It is understood that various configurations of the subject technology will become readily apparent to those skilled in the art from the disclosure, wherein various configurations of the subject technology are shown and described by way of illustration. As will be realized, the subject technology is capable of other and different configurations and its several details are capable of modification in various other respects, all without departing from the scope of the subject technology. Accordingly, the summary, drawings and detailed description are to be regarded as illustrative in nature and not as restrictive.

BRIEF DESCRIPTION OF THE DRAWINGS

The accompanying drawings, which are included to provide further understanding and are incorporated in and constitute a part of this specification, illustrate disclosed embodiments and together with the description serve to explain the principles of the disclosed embodiments. In the drawings:

FIG. 1 depicts a patient receiving an infusion of a medical fluid using an IV pump.

FIG. 2 illustrates a cross-sectional view of a drip chamber assembly according to certain aspects of the present disclosure.

FIG. 3 illustrates fluid flow through the drip chamber assembly of FIG. 2.

FIG. 4 illustrates a perspective view of a filter of the drip chamber assembly of FIG. 2.

FIG. 5 illustrates a perspective view of a filter of the drip chamber assembly of FIG. 2.

FIG. 6 illustrates a top view of a filter of the drip chamber assembly of FIG. 2.

FIG. 7 illustrates a cross-sectional view of a filter of the drip chamber assembly of FIG. 2.

DETAILED DESCRIPTION

The disclosed filter provides an annular configuration. The annular filter configuration provides increased filtration area, allowing for increased flow rate through the filter and stable flow through the filter.
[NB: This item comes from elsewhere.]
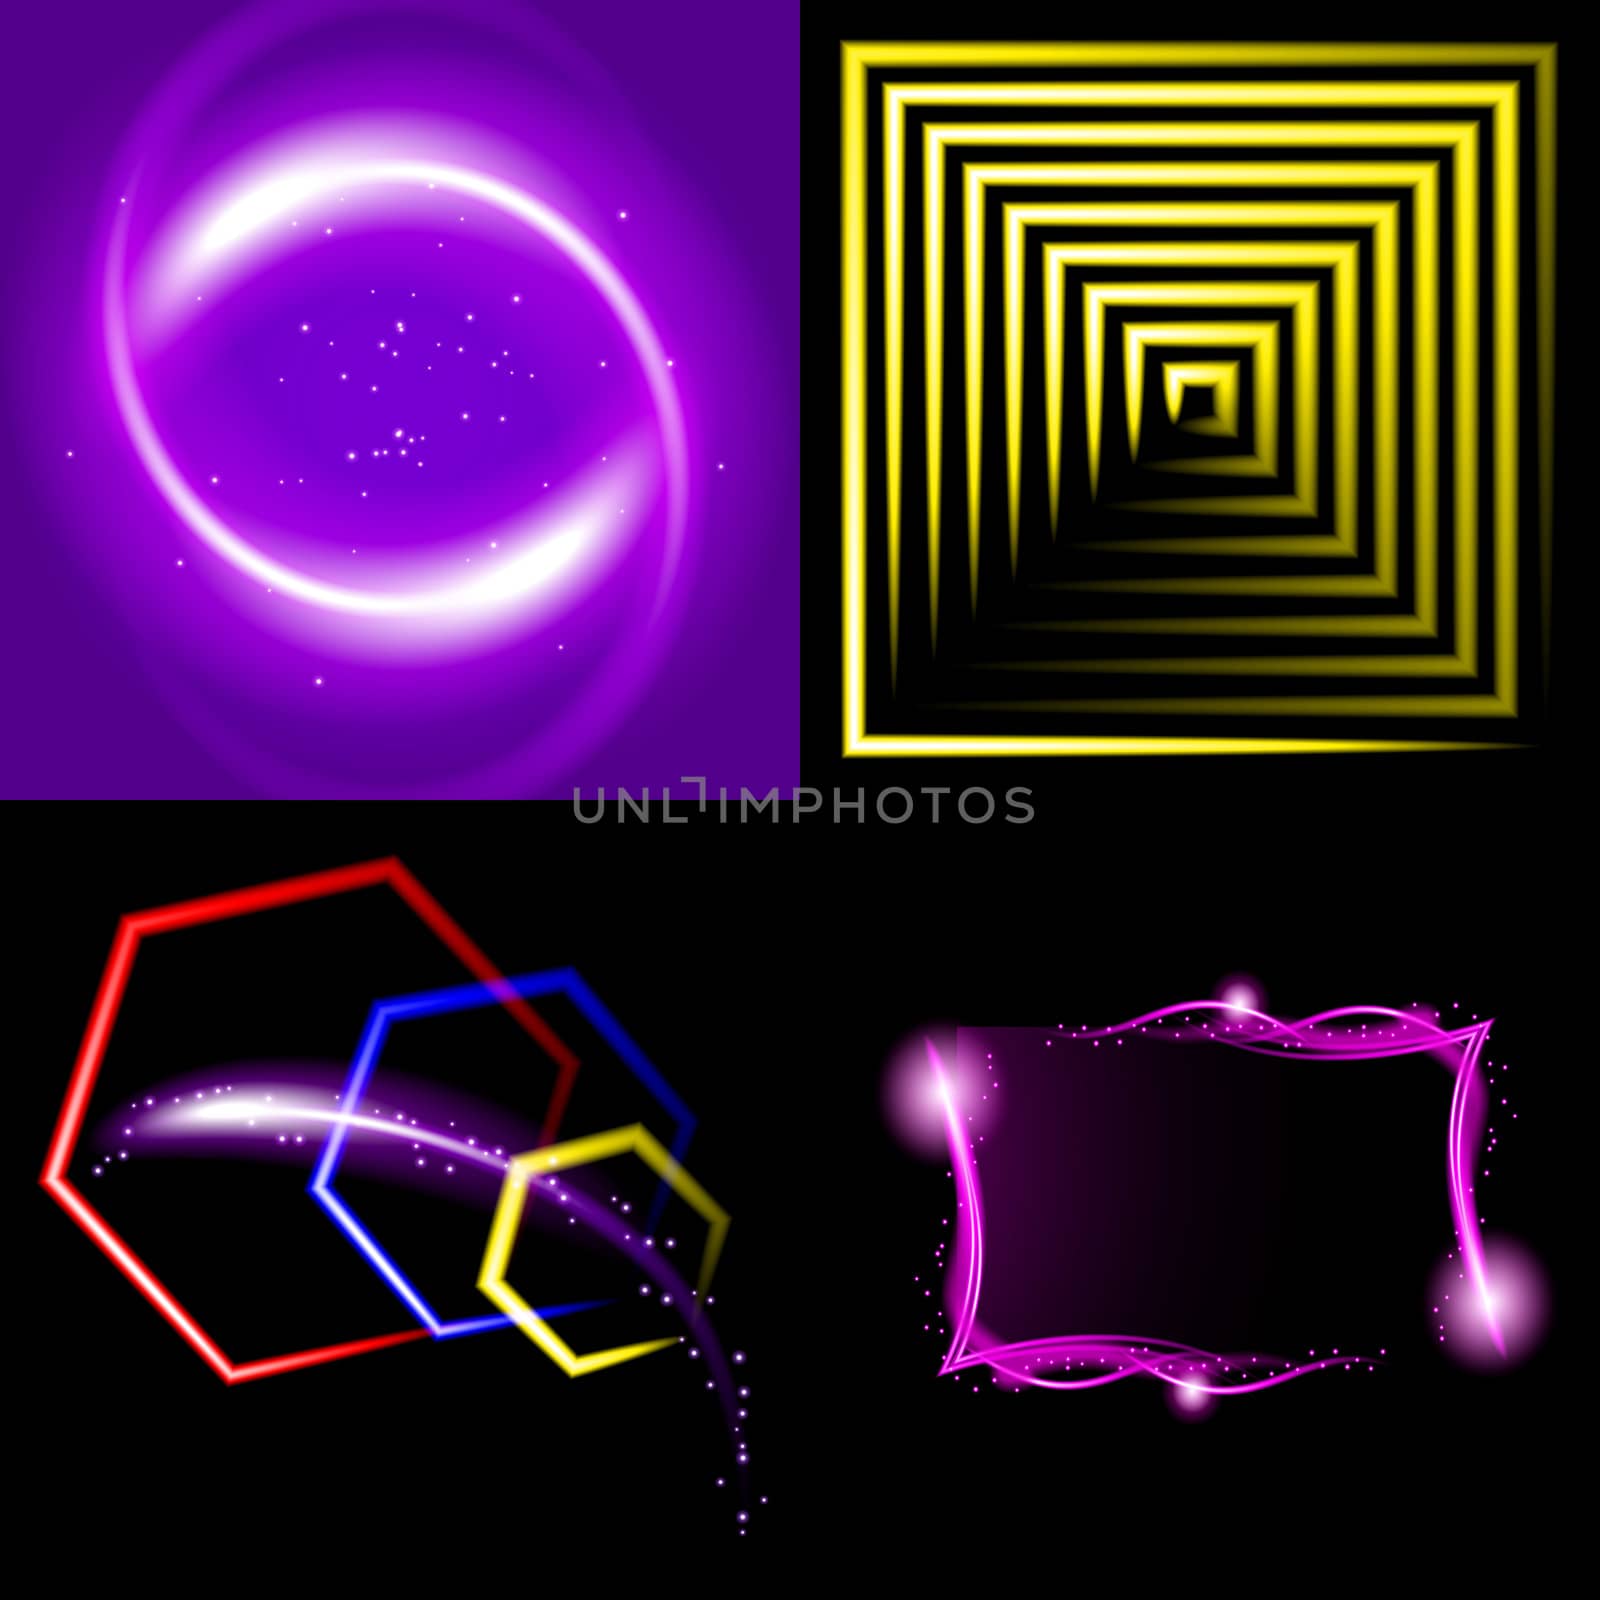 Set  of colorful  abstract background with blurred magic neon light curved lines.  illustration

The detailed description set forth below is intended as a description of various configurations of the subject technology and is not intended to represent the only configurations in which the subject technology may be practiced. The detailed description includes specific details for the purpose of providing a thorough understanding of the subject technology. However, it will be apparent to those skilled in the art that the subject technology may be practiced without these specific details. In some instances, well-known structures and components are shown in block diagram form in order to avoid obscuring the concepts of the subject technology. Like components are labeled with identical element numbers for ease of understanding. Reference numbers may have letter suffixes appended to indicate separate instances of a common element while being referred to generically by the same number without a suffix letter.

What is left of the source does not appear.